[DATASET CONTENT — start]

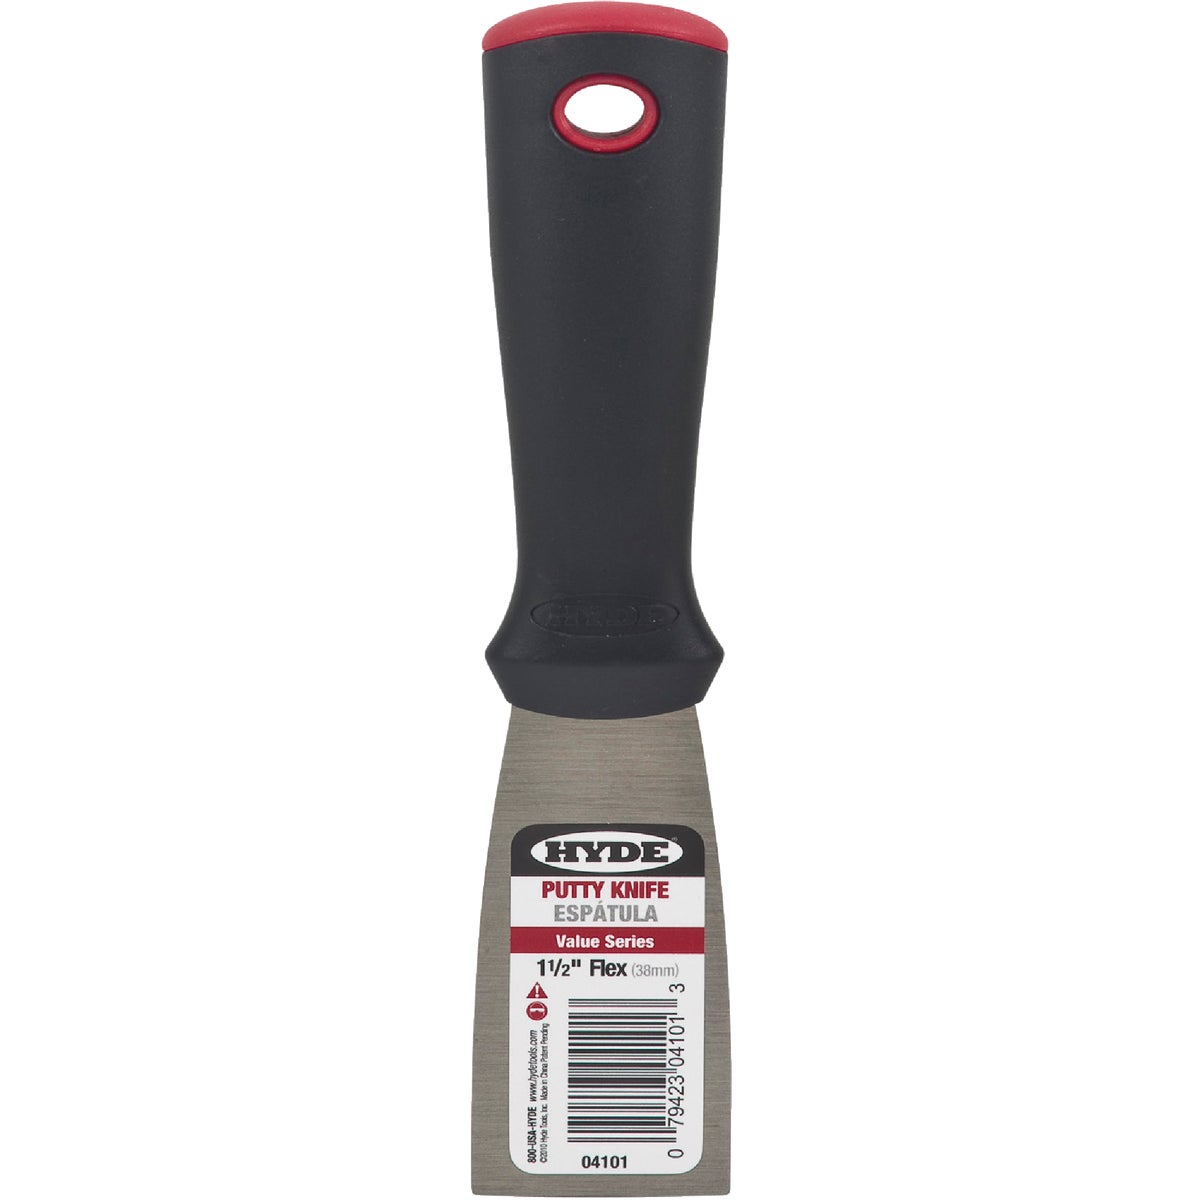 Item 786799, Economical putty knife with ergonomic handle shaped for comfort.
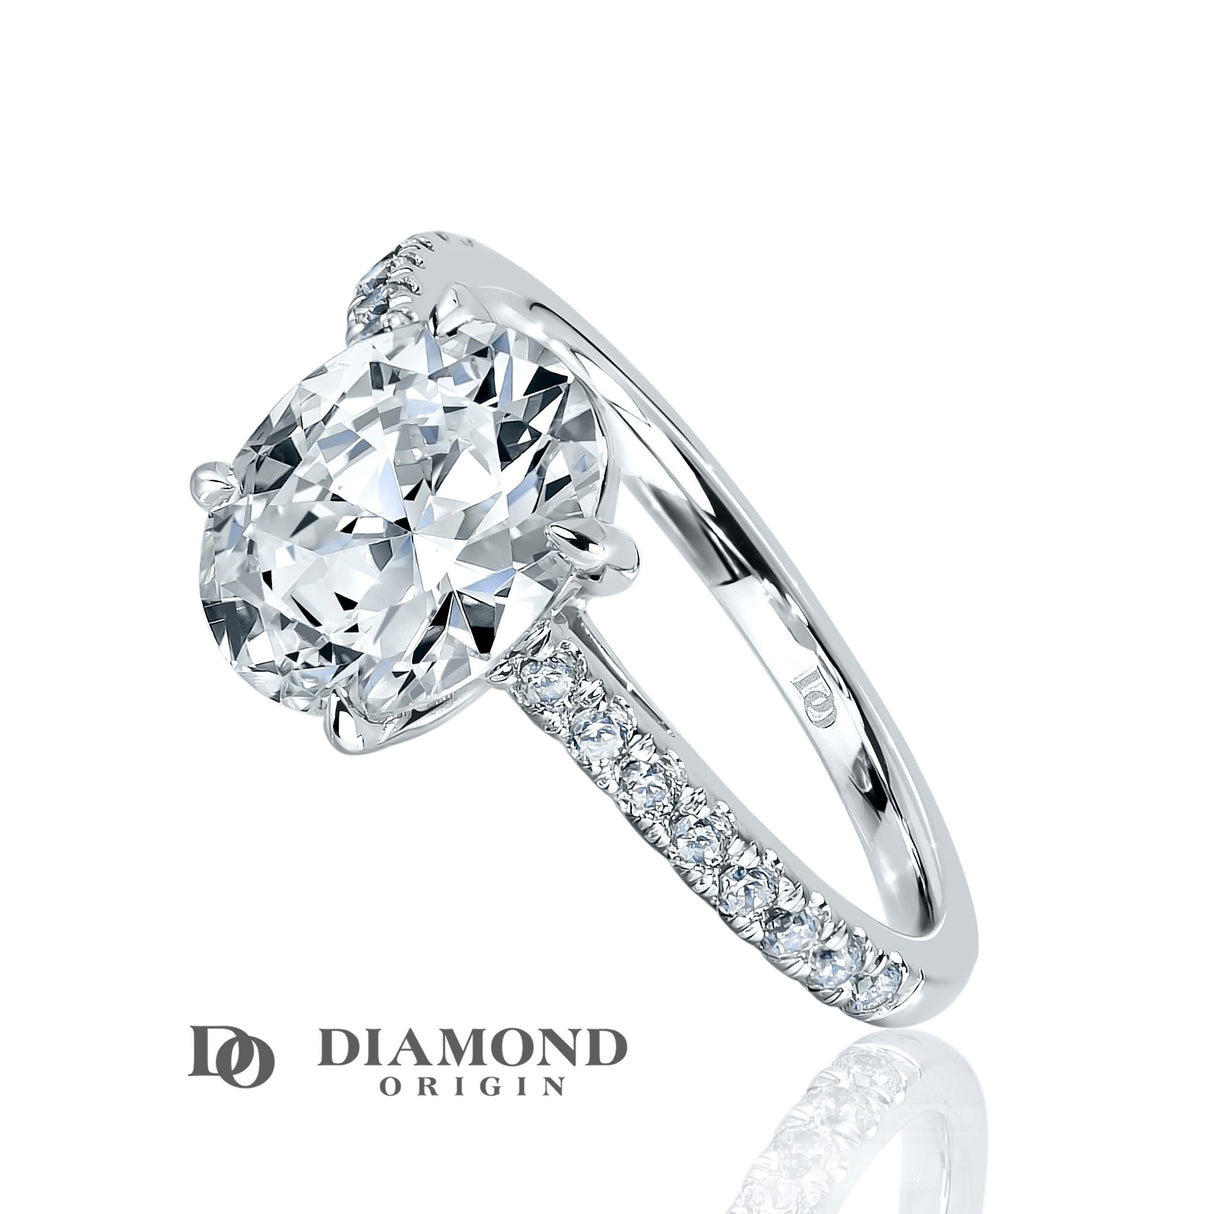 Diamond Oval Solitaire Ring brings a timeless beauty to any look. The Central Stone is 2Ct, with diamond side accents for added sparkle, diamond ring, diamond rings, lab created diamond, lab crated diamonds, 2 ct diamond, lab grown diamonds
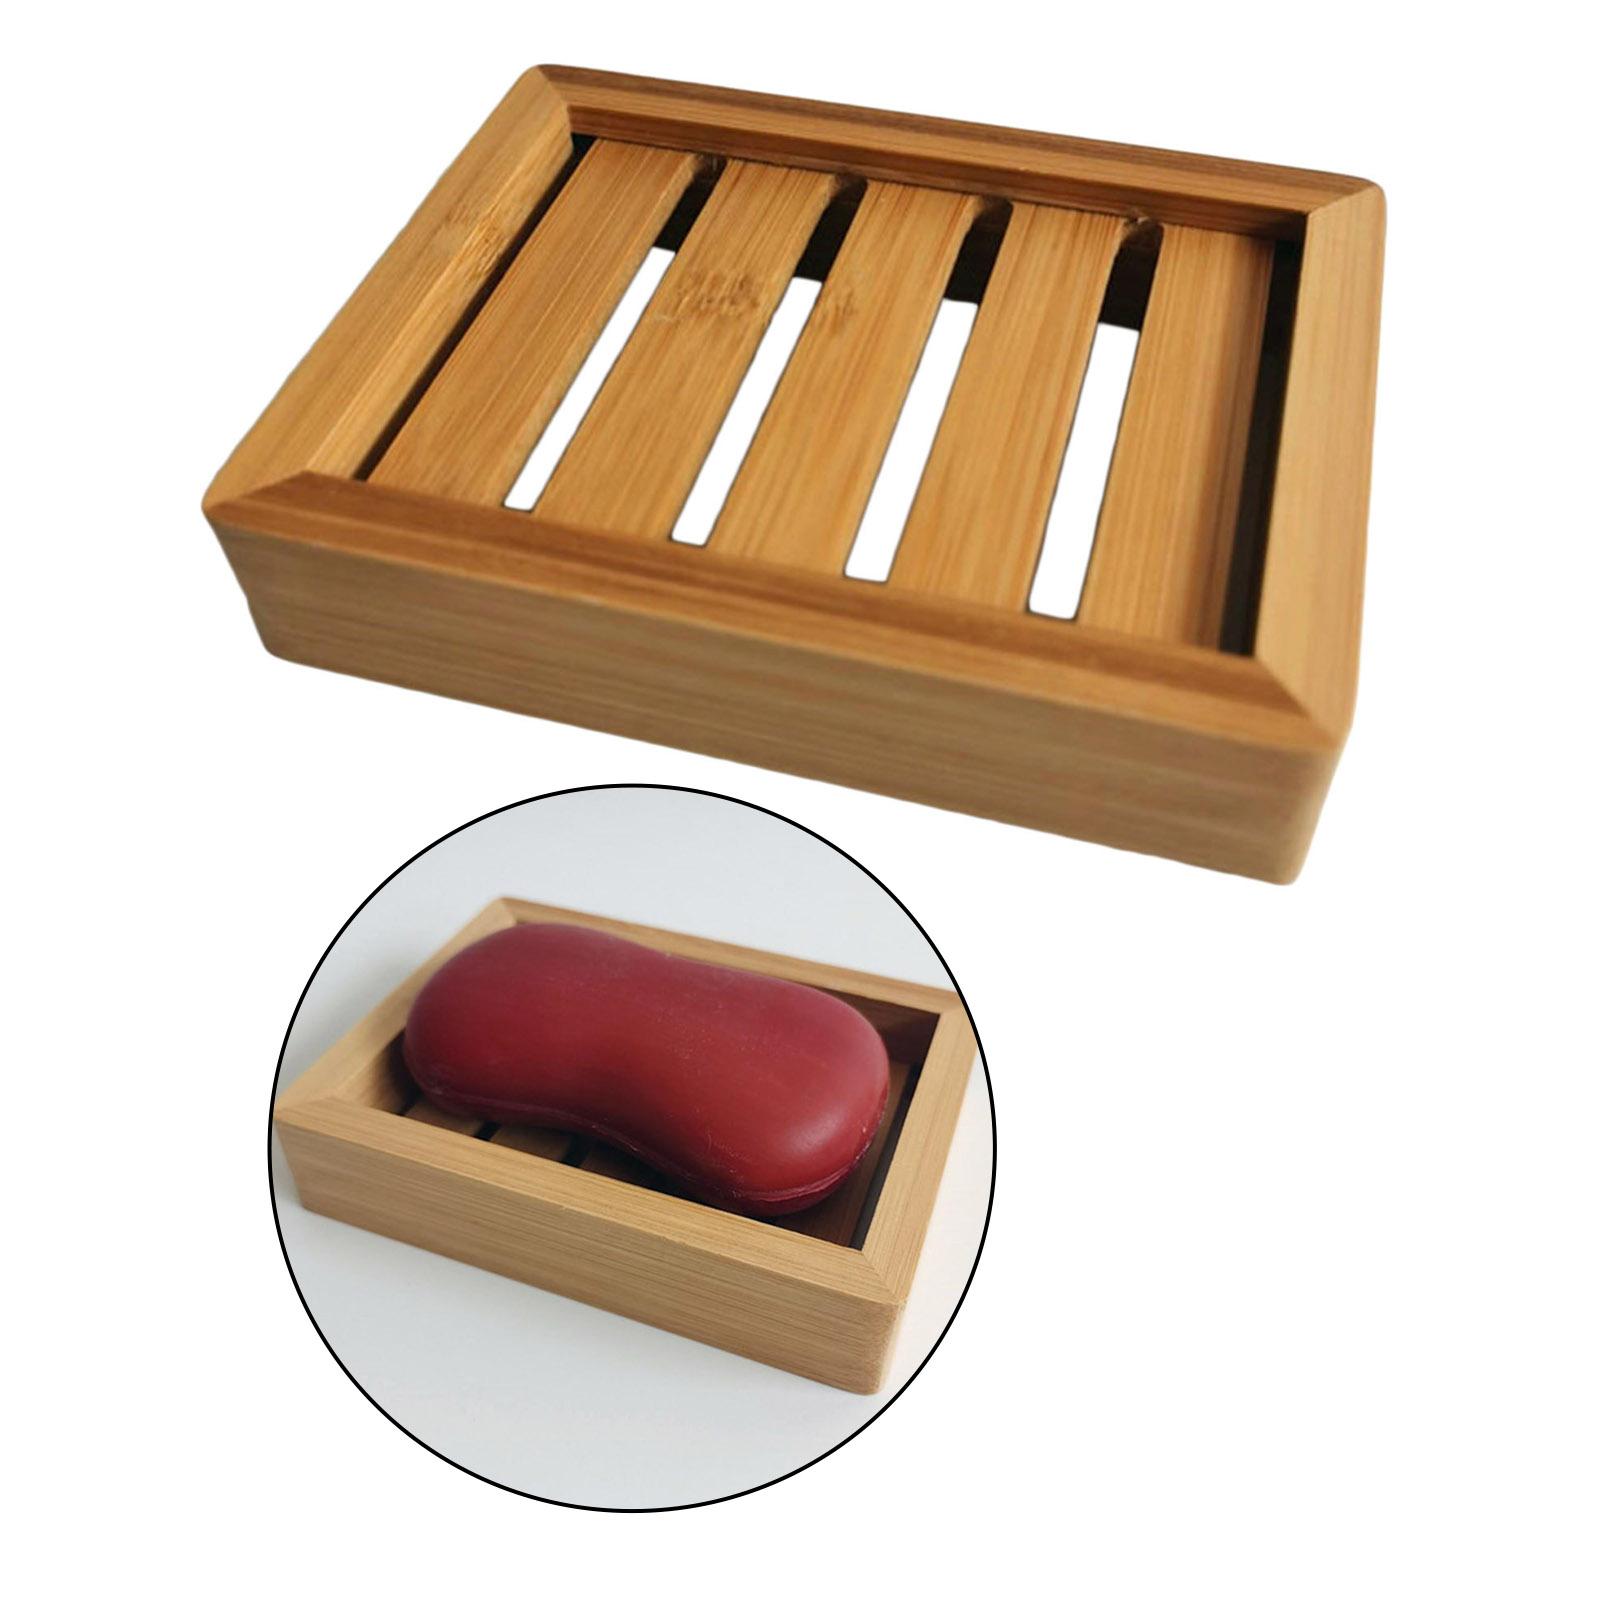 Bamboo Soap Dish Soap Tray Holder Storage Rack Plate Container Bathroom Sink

[DATASET CONTENT — finish]

TASK DESCRIPTION
This task calls for the listing to be restated exactly, with images omitted.

SOLUTION FOR THIS PROBLEM
 Item 786799, Economical putty knife with ergonomic handle shaped for comfort.
 Diamond Oval Solitaire Ring brings a timeless beauty to any look. The Central Stone is 2Ct, with diamond side accents for added sparkle, diamond ring, diamond rings, lab created diamond, lab crated diamonds, 2 ct diamond, lab grown diamonds
 Bamboo Soap Dish Soap Tray Holder Storage Rack Plate Container Bathroom Sink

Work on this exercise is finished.